• [WORK TO COMPLETE]: Exactly the lines below from the one with "LSKD bike shorts" up to and including the one with "Mulberry Oval Reversible" make up the answer, with nothing else added.

• [THE INPUT]:
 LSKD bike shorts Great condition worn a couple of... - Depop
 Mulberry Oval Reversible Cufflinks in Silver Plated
---
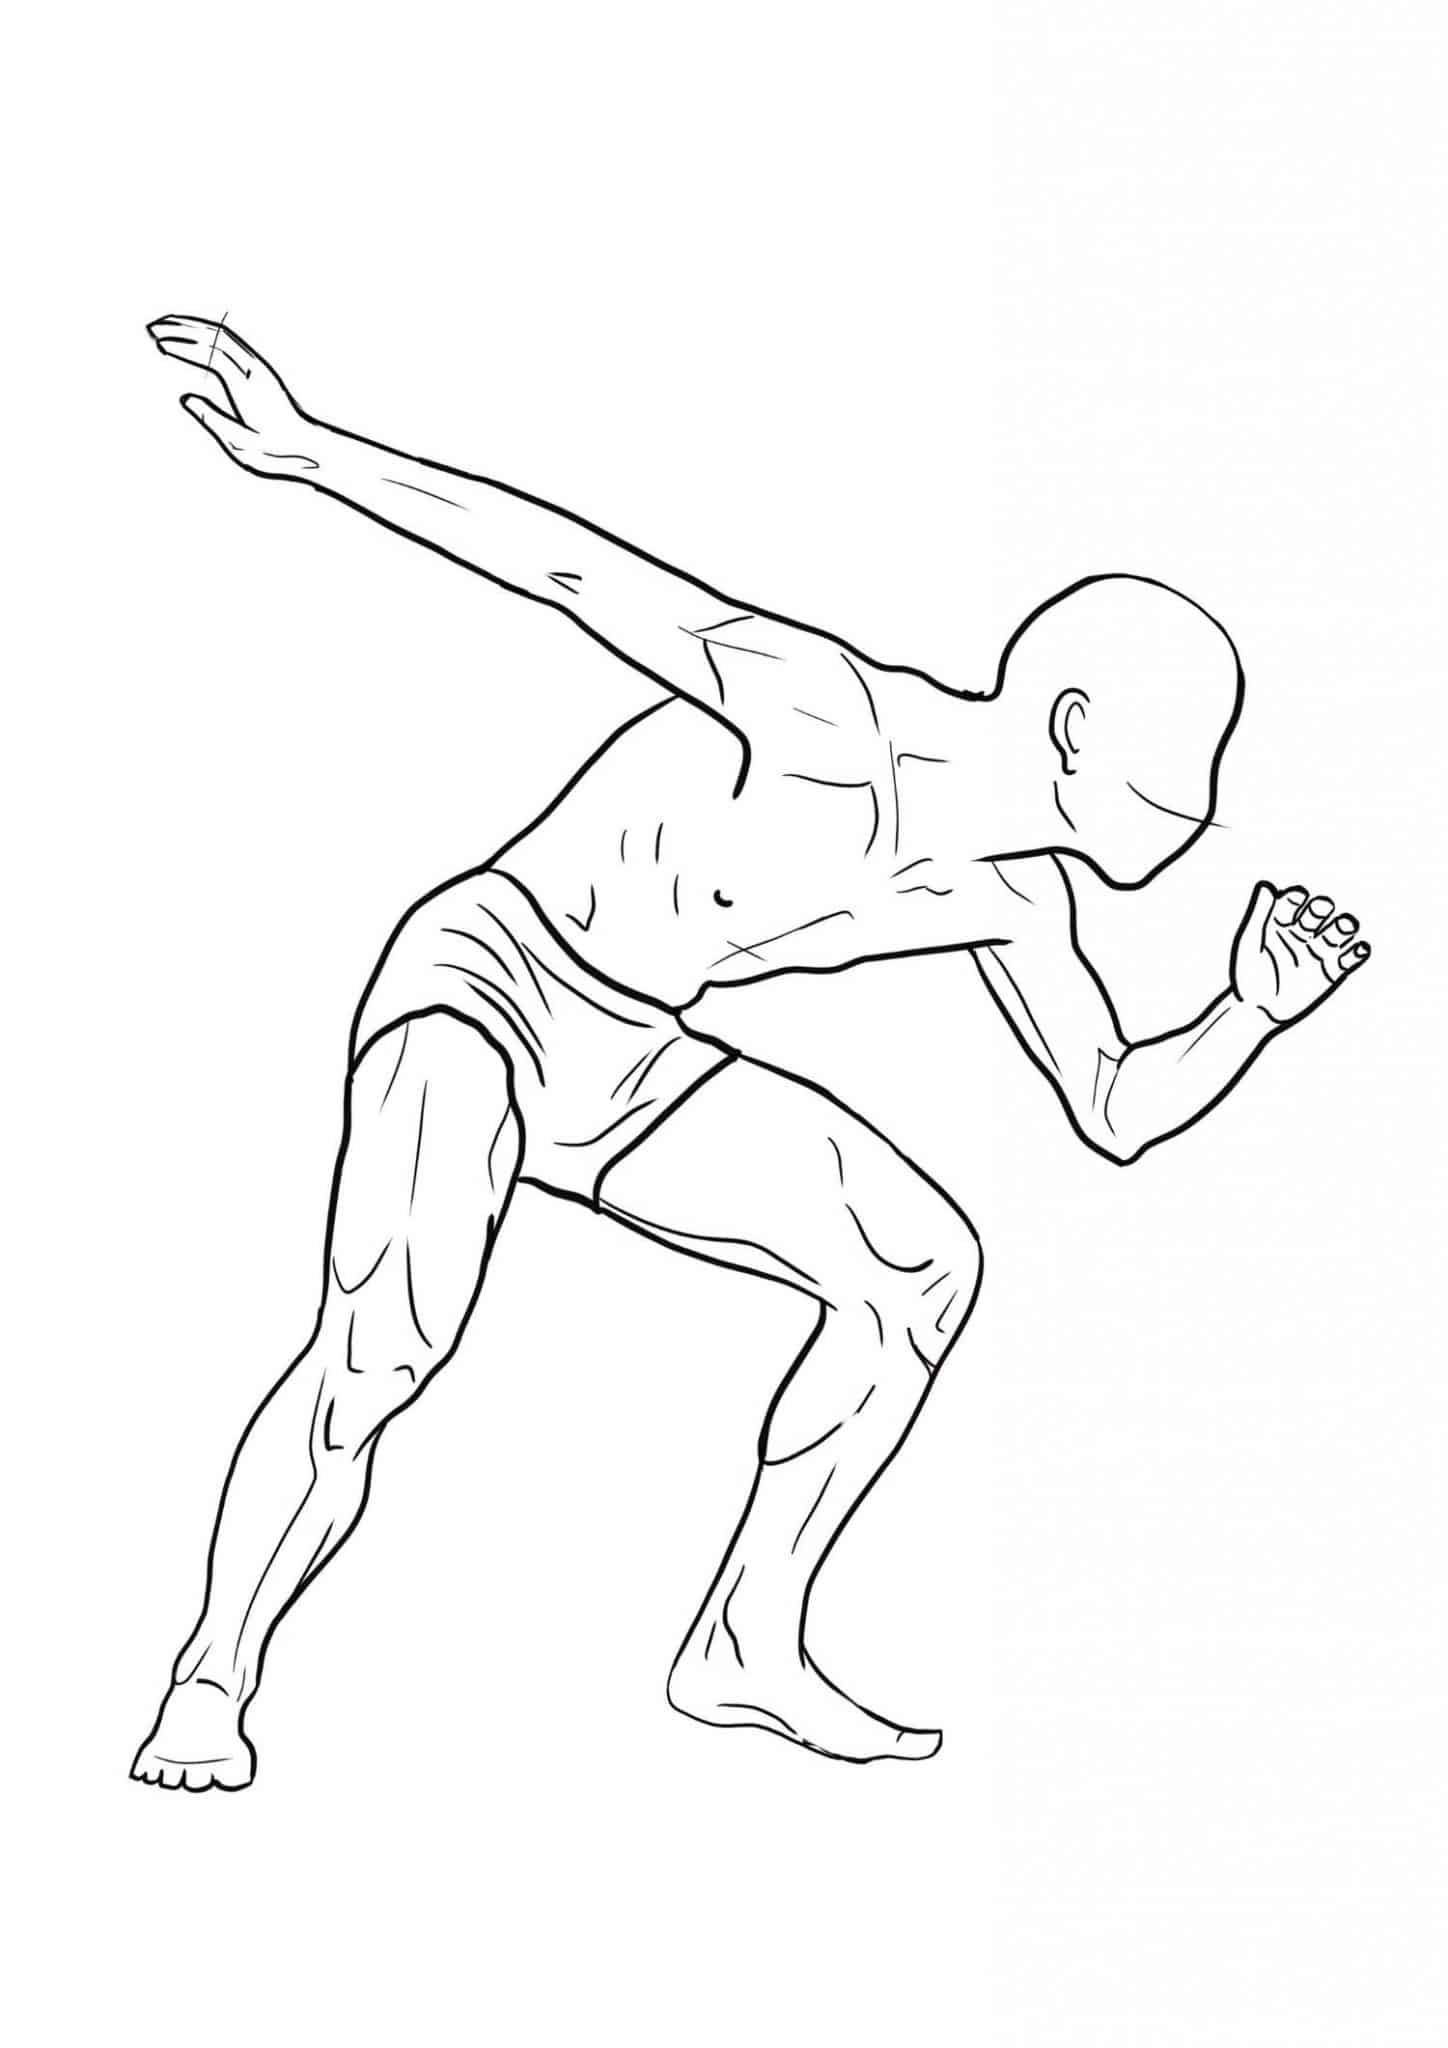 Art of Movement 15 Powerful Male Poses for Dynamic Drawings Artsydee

• [SOLUTION TO THIS PROBLEM]:
 LSKD bike shorts Great condition worn a couple of... - Depop
 Mulberry Oval Reversible Cufflinks in Silver Plated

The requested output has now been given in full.